The circled labels mark the execution steps, so in the description below I will refer to them directly.
Dashed arrows indicate the execution sequence and show how control flows between objects.
In the first generation, the input value 3 is sent to Stage 1-1 ①.
Stage 1-1 computes 3 - 3, returns Yield.Some with value 0, status Success, and an Evolution object ②.
That value is then passed on to Stage 2-1 ③.
At Stage 2-1, the pipeline reaches a branch that determines what happens next.
Since the input is 0, this stage returns Yield.None with status Error("Zero") ④.
At that point there is no longer any value to pass downstream, so Stage 3-1 is not invoked via apply(). Instead,
skip() is called for it, producing an Evolution object ⑤.
Once the active part of the first generation has finished, the pipeline folds the Status values it has already
obtained into a single overall status ⑥.
In this case, the overall status of the first generation is Error("Zero").
Now that this status is known, the pipeline can evolve into the next generation.
All Evolution methods are called in the order opposite to the order in which stages are applied. This matters because
a downstream stage may depend on state or resources created by an upstream stage. If upstream stages were finalized or
reconfigured too early, downstream stages could lose what they still rely on.
First, the object obtained from Stage 3-1.skip() is used: along the onError() branch it creates Stage 3-2 ⑦ ⑧.
Then Stage 2-1 evolves for the same reason: its Evolution moves the pipeline to Stage 2-2 ⑨ ⑩.
After that, Stage 1-1 evolves into Stage 1-2 ⑪ ⑫.
This is how the second generation of the pipeline is formed.
In the second generation, the input value 1 is fed into the pipeline ⑬.
Stage 1-2 computes 5 - 1, returns Yield.Some with value 4, status Complete, and a new Evolution object ⑭.
Then the value 4 is passed to Stage 2-2 ⑮, which converts it into the string "4" and returns Yield.Some with
status Success ⑯.
After that, the string "4" is passed to Stage 3-2 ⑰, which checks whether it contains the '-' character and
returns Yield.Some with value false and status Success ⑱.
Once all three stages of the second generation have finished, the pipeline folds their statuses into a single overall
status ⑲.
The overall status of the second generation is Complete.
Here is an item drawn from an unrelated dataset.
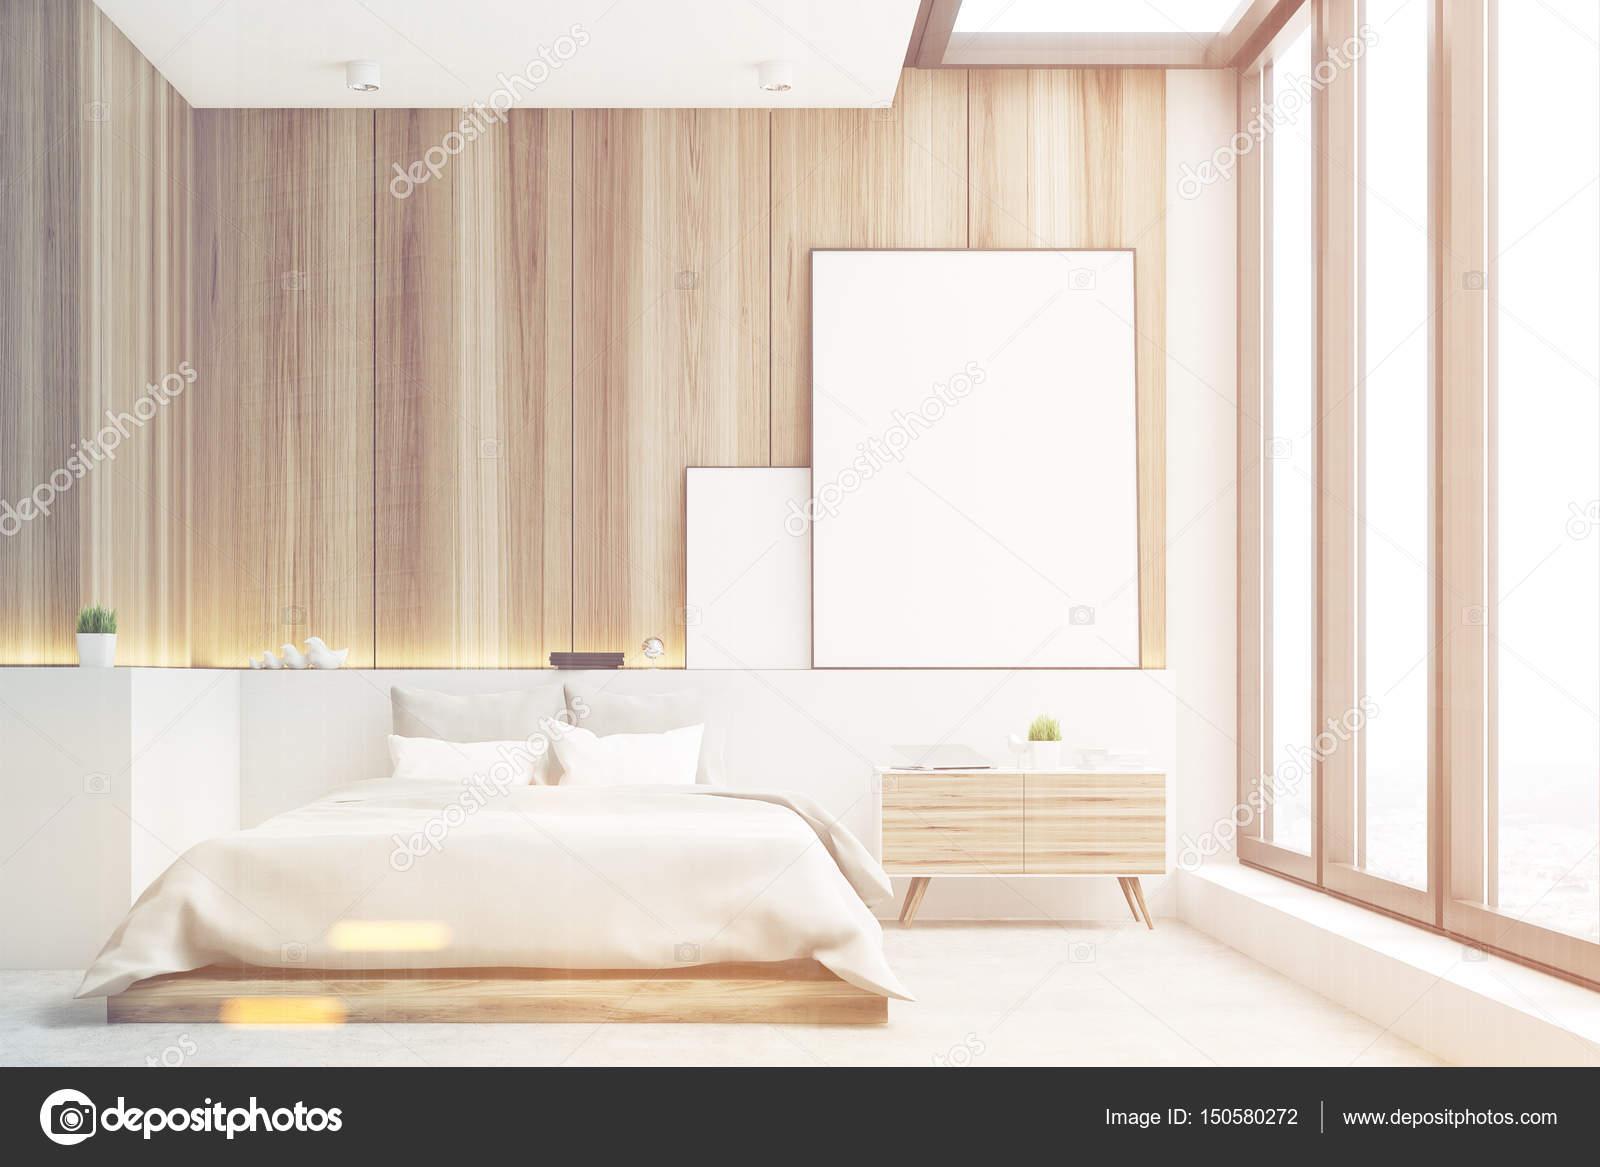 Lichte slaapkamer, hout, voorzijde, afgezwakt — Stockfoto ...

At this point, the computational part of the pipeline is
done.
Next comes finalization.
First, dispose() is called on the Evolution associated with the result of Stage 3-2 ⑳.
Then dispose() is called on the Evolution associated with the result of Stage 2-2 ㉑.
Finally, dispose() is called on the Evolution associated with the result of Stage 1-2 ㉒.
If any of these dispose() calls fail, the failures are aggregated into a single exception ㉓.
The earliest exception becomes the primary one, and all later exceptions are attached to it.
After that, the final Outcome ㉔ is assembled from three components:
- the output value of the second generation (
false); - the overall pipeline status (
Complete); - and the exception thrown during
dispose(), if any.
That Outcome is the final result of the pipeline execution.